Again, this is a very delicate topic since it's deeply integrated into Quagga. One must be aware that access to the image is revoked as soon as the function is done executing. If you want, you could copy the data to your own buffer in one of the interceptors to avoid tight coupling.

This interceptor feature is of much lower priority than the rest of the API rework, because for this to work, a lot of internals must be adapted.

JauernigIT commented 8 years ago

Use Cases

My (personal) use case is that I want to have access to the results of the image processing steps in the onProcessed() callback, thus when the processing is done. I want to hand the processed image over to another (QR code) scanning library without having to pre-process it again on my own.

So, for me it would be fine to just have access to the image processing results in onProcessed(), similar to Quagga.canvas.ctx.* or Quagga.canvas.dom.* as it is today. This perhaps would not be too difficult, since you don't have to implement explicit hooks that change the processing flow.

Interceptors

Intercepting the image processing I would see as "advanced feature". Yes, it probably would be nice to intercept the processing steps and enhance the image with some custom image processing. But for me that's another use case and should be treated as such.

jorgepinon commented 7 years ago

@serratus, In case the new API is still being worked on, I'm interested in the comment you made above about supporting multiple instances. In my use case, I'm trying to have 2 image inputs in one form. Unless I'm wrong, I don't think there's a supported way to do this in the current release.

serratus commented 7 years ago

@jorgepinon Thanks for reviving this old thread. The sad fact is, I'm still working on a new API, but it looks different from the one proposed above. I really try to decouple the image-source from quagga and make it more adaptable for different sources of image data. Multiple images at once? What would be the use-case? Just to clarify, in the next version of quagga it will be easily possible to run multiple instances of quagga at the same time. I'll keep you posted.

jorgepinon commented 7 years ago

We have an app that needs to scan barcodes from 2 different devices in order to associate them in the database. I'm sure multiple quaggas is a rare use case.
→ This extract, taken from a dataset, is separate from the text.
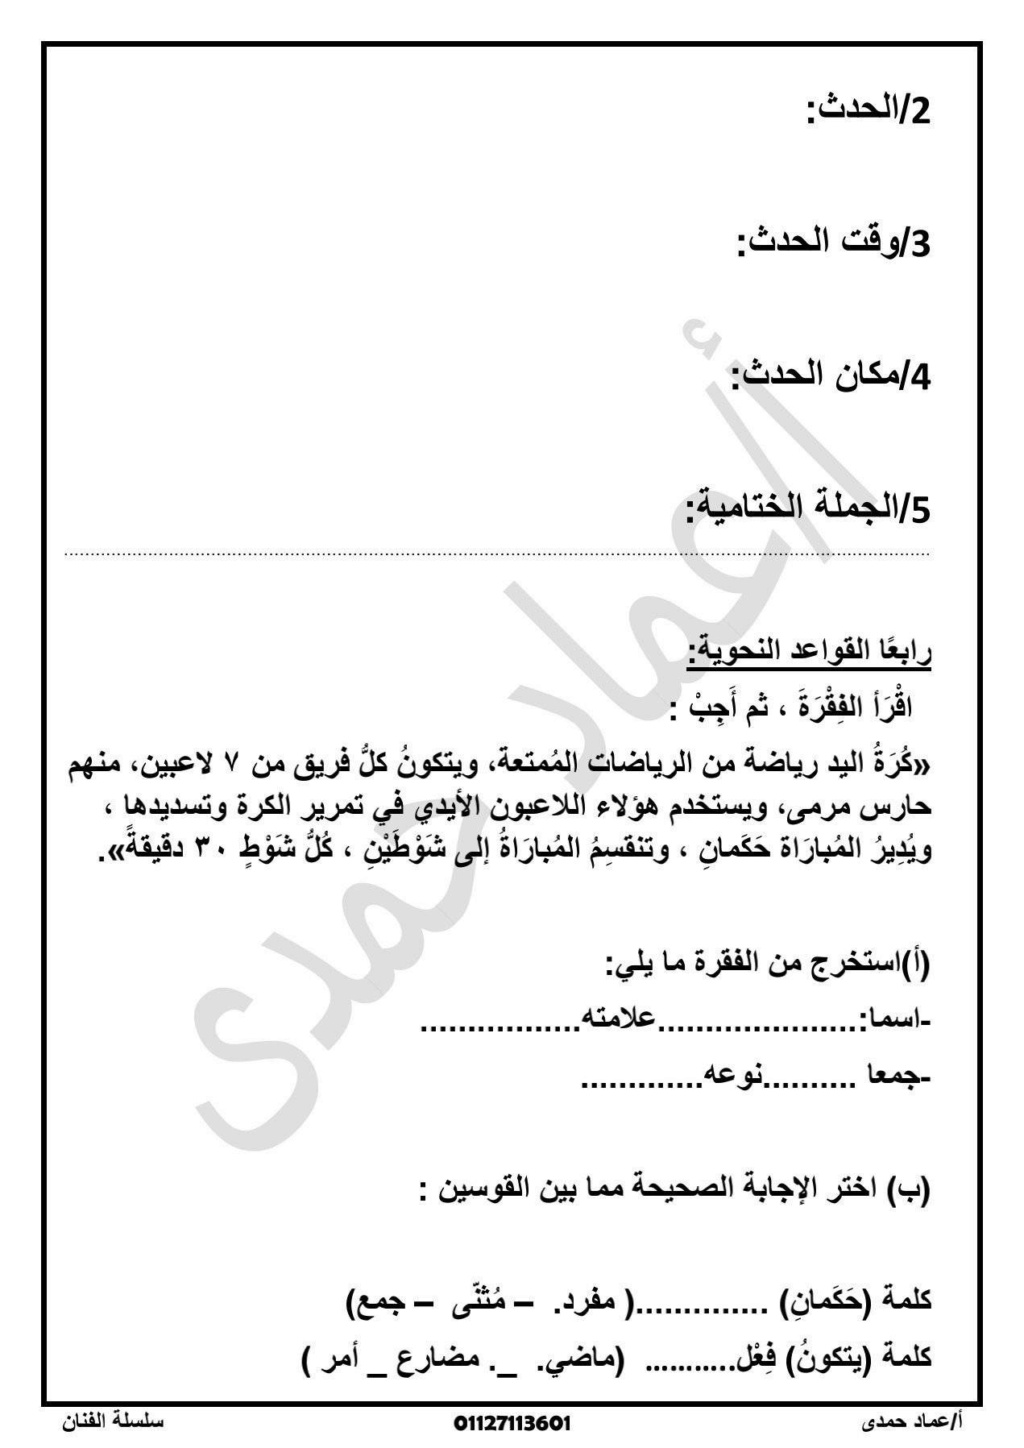 امتحان لغة عربية للصف الرابع الابتدائي علي مقرر شهر أكتوبر  أ. عماد حمدي 6210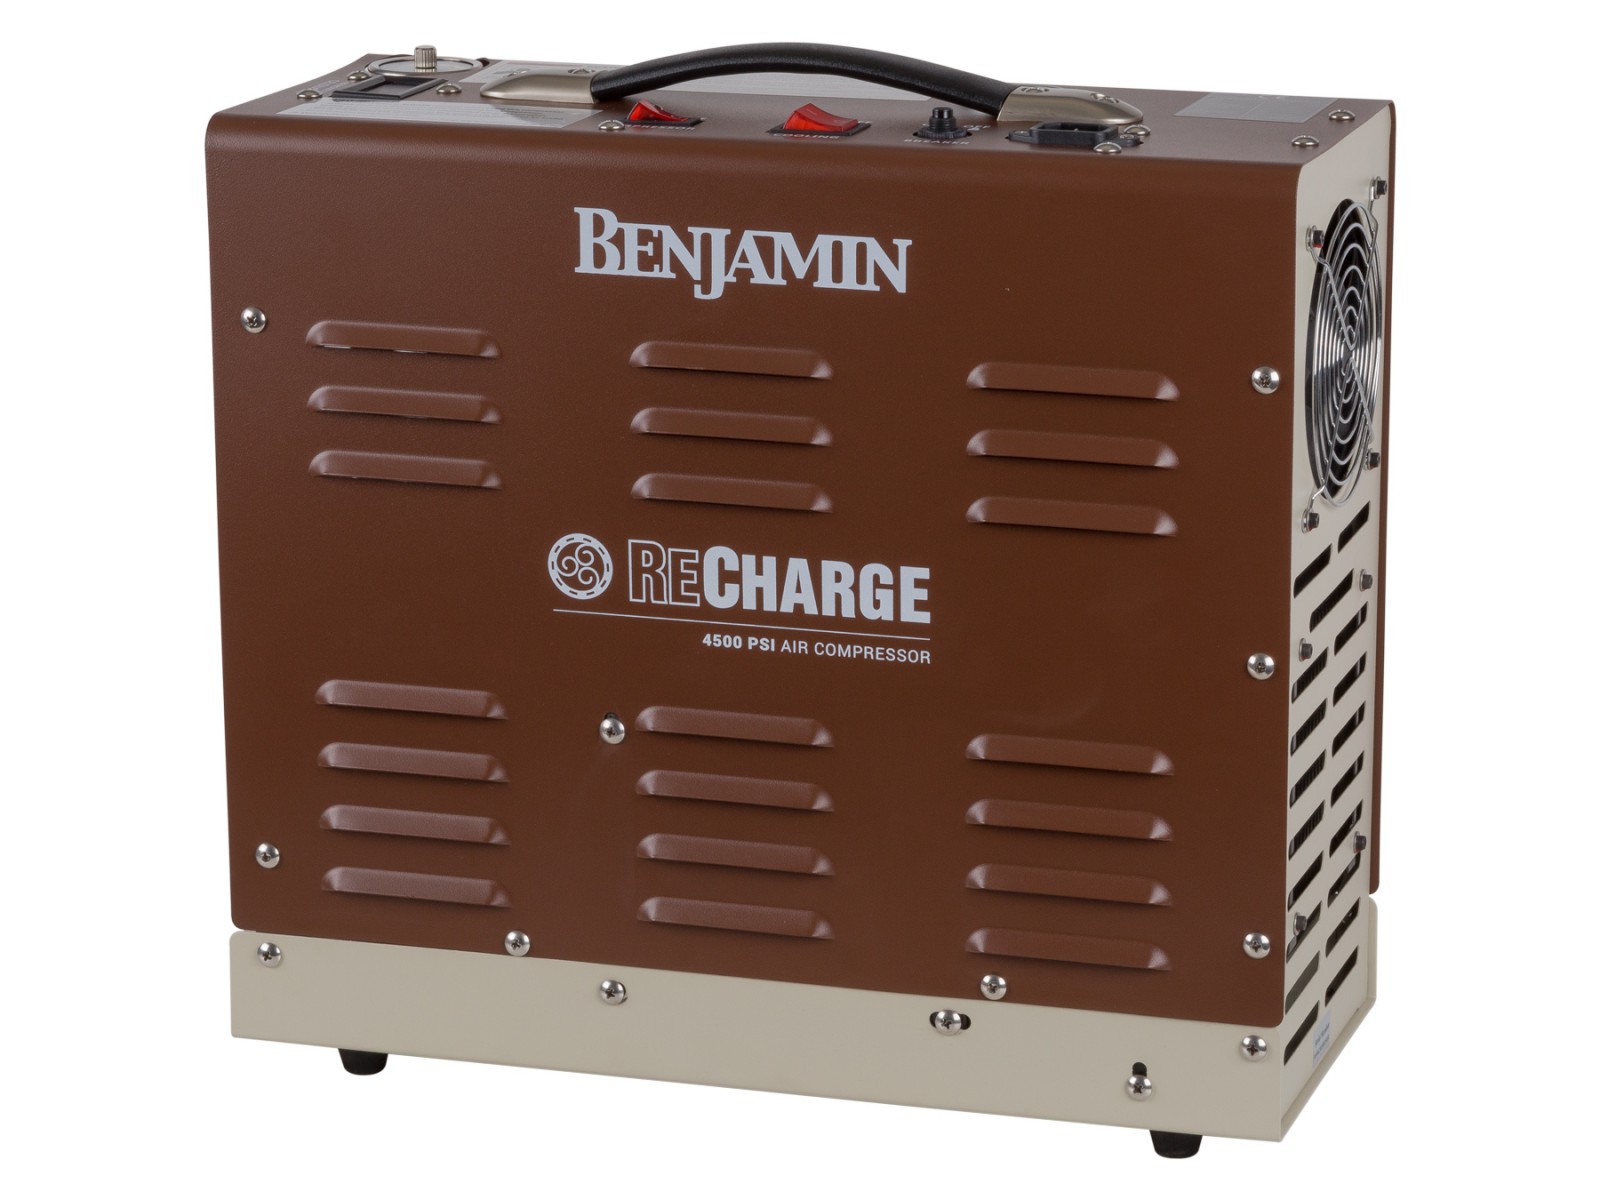 Benjamin Recharge HPA Compressor, 4500 PSI, 110V

We got it working with a wizard-style single form, and I was able to detach the event listeners for quagga and reattach when the user moves to the next step. I got the idea from one of your examples.

vinneyk commented 7 years ago

I'm with @jorgepinon on using multiple instances of Quagga scanners. I'm developing an app that involves two scans: one to register the employee and the other to scan their output. The scanner instances don't need to (in fact probably shouldn't) be running simultaneously but it seems like unnecessary overhead to have to init/destroy the single instance each time the user switches fields. I'm still early in the development of this feature so I'll try to report back with a summary of my experience getting it started.

The fact that this library does what it does, however, is so beautiful. Thank you @serratus for all you've done.

seanpoulter commented 7 years ago

It seems @JauernigIT and I have a similar interest in getting the processed image but it seems the only way to use Quagga to get at it right now is using the ResultCollector to intercept the image data before it is massaged to publish as an event for Quagga.onDetected. Have you considered changing the API for the results? Would there be a performance hit if the imageData was set to the onDetected callback and not consumed?

FYI @JauernigIT, I've replaced using Quagga.onDetected with Quagga.registerResultCollector({ addResult: (imageData, canvasSize, resultCode) => {...} }).